Dry-compressing pumps are becoming ever more important in industrial compressor technology. Due to increasing obligations with regard to environmental regulations and rising operating and disposal costs, as well as greater requirements with regard to the purity of the delivery medium, known wet-running pump systems, such as liquid ring machines, rotary vane pumps and oil or water-injected screw compressors, are replaced with dry-compressing pumps with increasing frequency. Dry screw compressors, claw pumps, diaphragm pumps, piston pumps, scroll machines, as well as Roots pumps, are among these dry-compressing machines. However, what these machines have in common is that they still do not meet today's requirements relating to reliability, ruggedness, constructional size and weight, while at the same time having a low price level and satisfactory compressor efficiency.
Known dry-compressing screw spindle pumps suggest themselves for improving this situation, because, like typical dual-shaft displacement machines, they obtain a high compression capacity simply by achieving the required multi-stage property as so-called “delivery threads” by a series arrangement of several sealed working chambers through the number of loops per compressor rotor in an extremely uncomplicated manner. Moreover, the contactless rolling of the screw spindle rotors that rotate in opposite directions enables an increased rotational speed of the rotors, so that the nominal suction capacity and the volumetric efficiency are increased at the same time, relative to the design size.
A simple rotor cooling system is described for a dry-compressing screw spindle pump in International Patent Application Publication No. WO 00/12899, wherein a coolant, such as oil, is introduced into a conical rotor bore in each rotor, in order to permanently dissipate a part of the compression heat produced during the compression process. Pursuing this approach in International Application No. PCT/EP2008/068364, the coolant is used with an internal (oil) pump, for cooling the pump housing in order to dissipate in a coolant circuit the absorbed amounts of heat from the compression of the delivery medium and the power dissipation via a separate heat exchanger in such a way that the clearance values between the rotor pair and the surrounding pump housing are maintained for all operating states.
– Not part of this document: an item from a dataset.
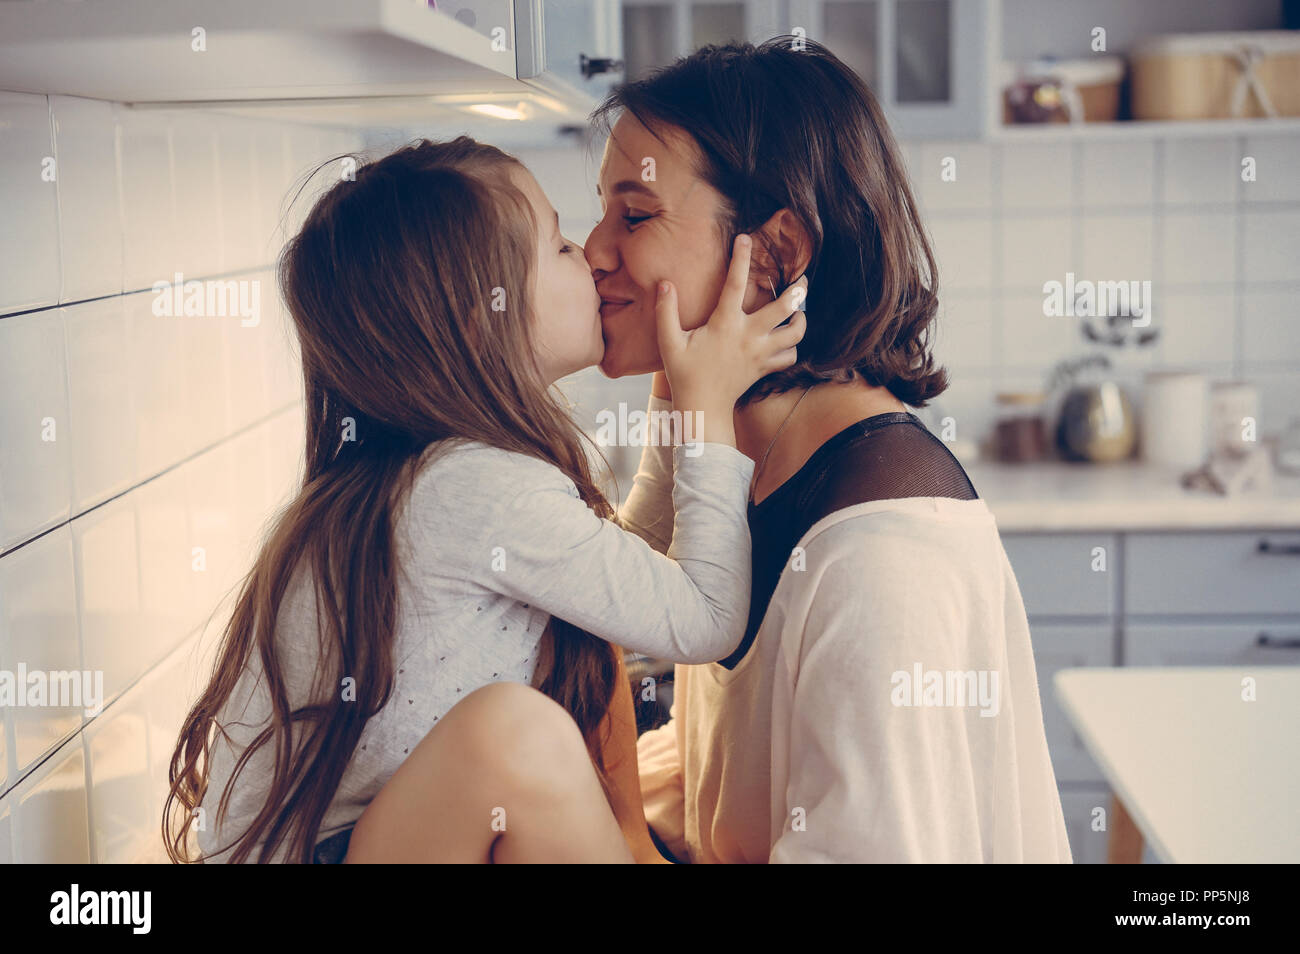 Мамы лесбиянки с русскими разговорами. Мама с дочкой поцелуй. Мама целует дочь. Молодые лесбияночки на кухне. Мать и дочь поцелуй с языком.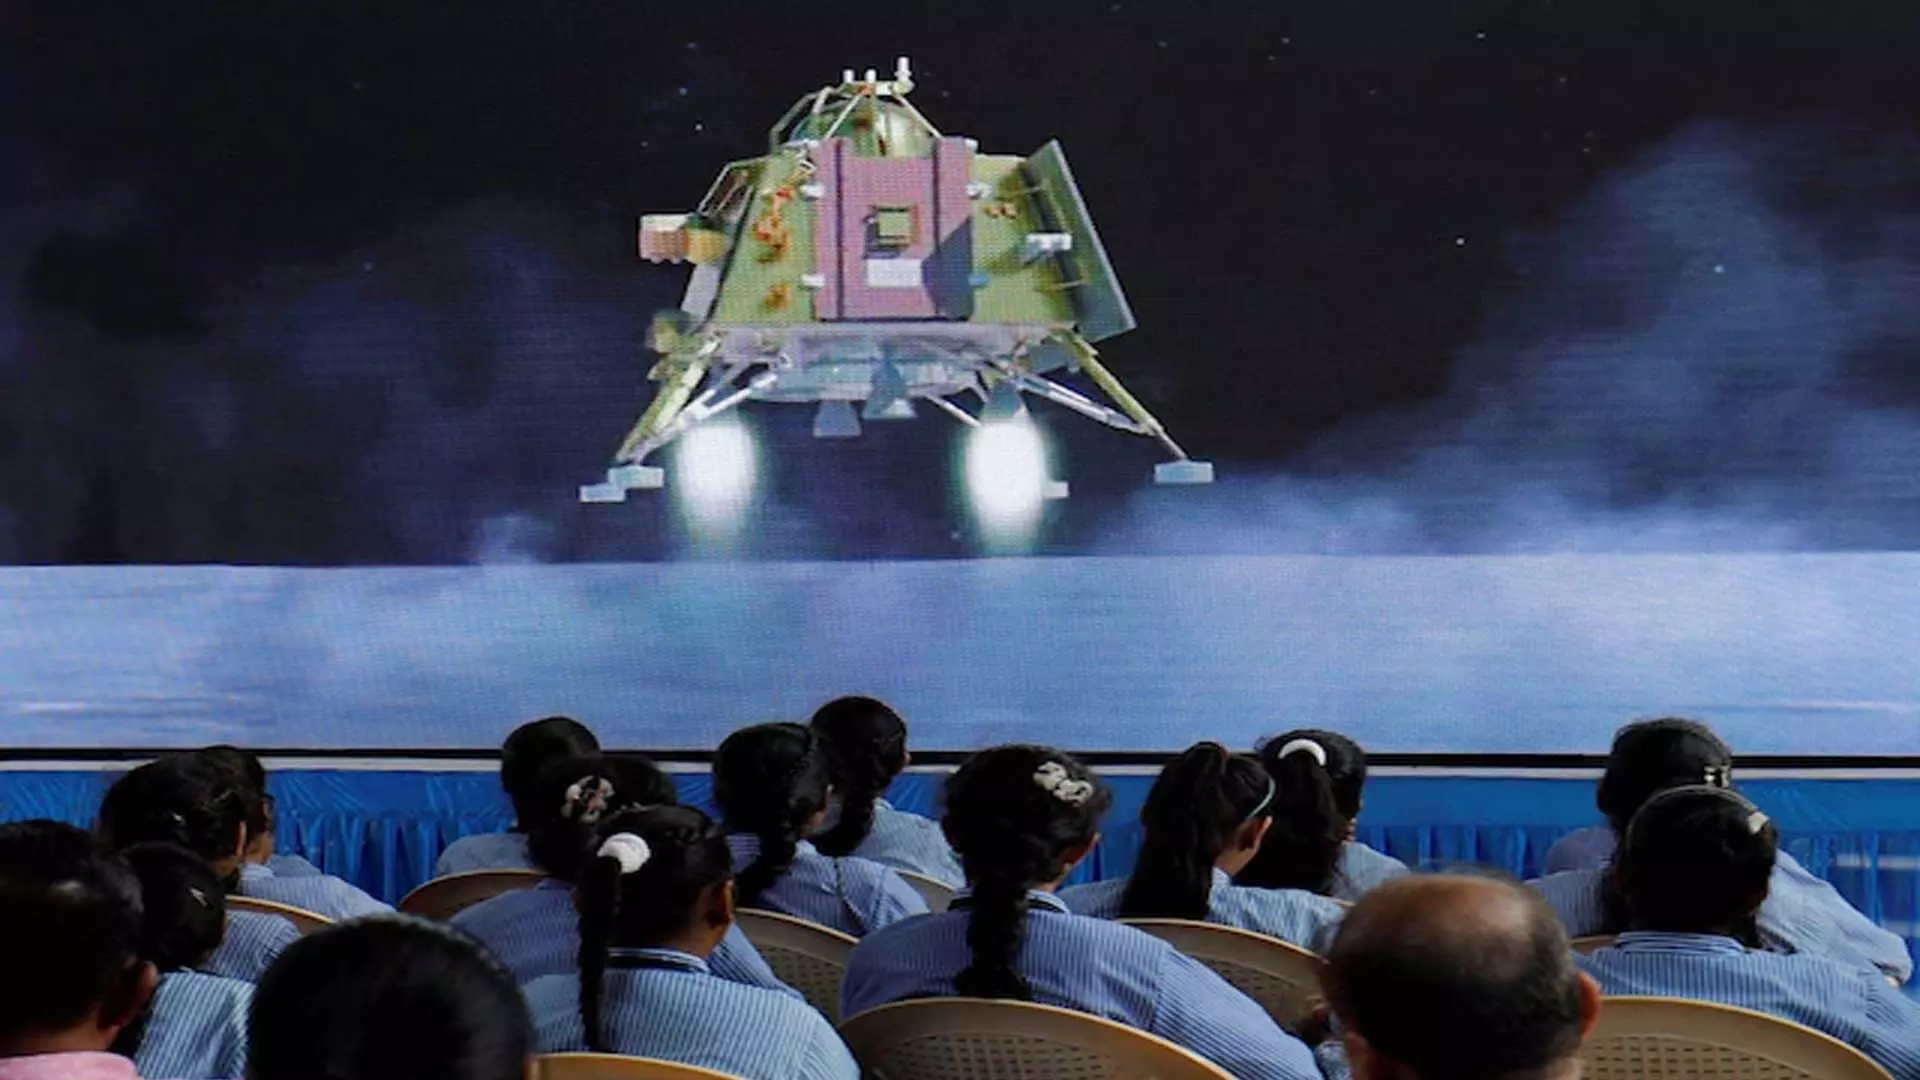 भारत के चंद्रयान-3 मिशन को अमेरिकी अंतरिक्ष अन्वेषण पुरस्कार से सम्मानित किया गया

For achieving greater compressor powers however, there is still no efficient and inexpensive solution to minimize the pump-specific forces in the axial and radial direction and minimize the compressor power values efficiently, reliably, robustly and inexpensively. Until now, dry-compressing screw compressors having two screw compressors with an intermediate gas cooling system still must be used for higher pressure values, for example, 11 bar as absolute pressure, with an unsatisfactory efficiency at the same time. Accordingly, the corresponding total expenditure is a constant nuisance, both with regard to the purchase of an intermediate gas cooling system additionally required due to two-compressor machines, as well as with regard to operation, due to the, on the whole, modest efficiency. This is desired to be improved significantly.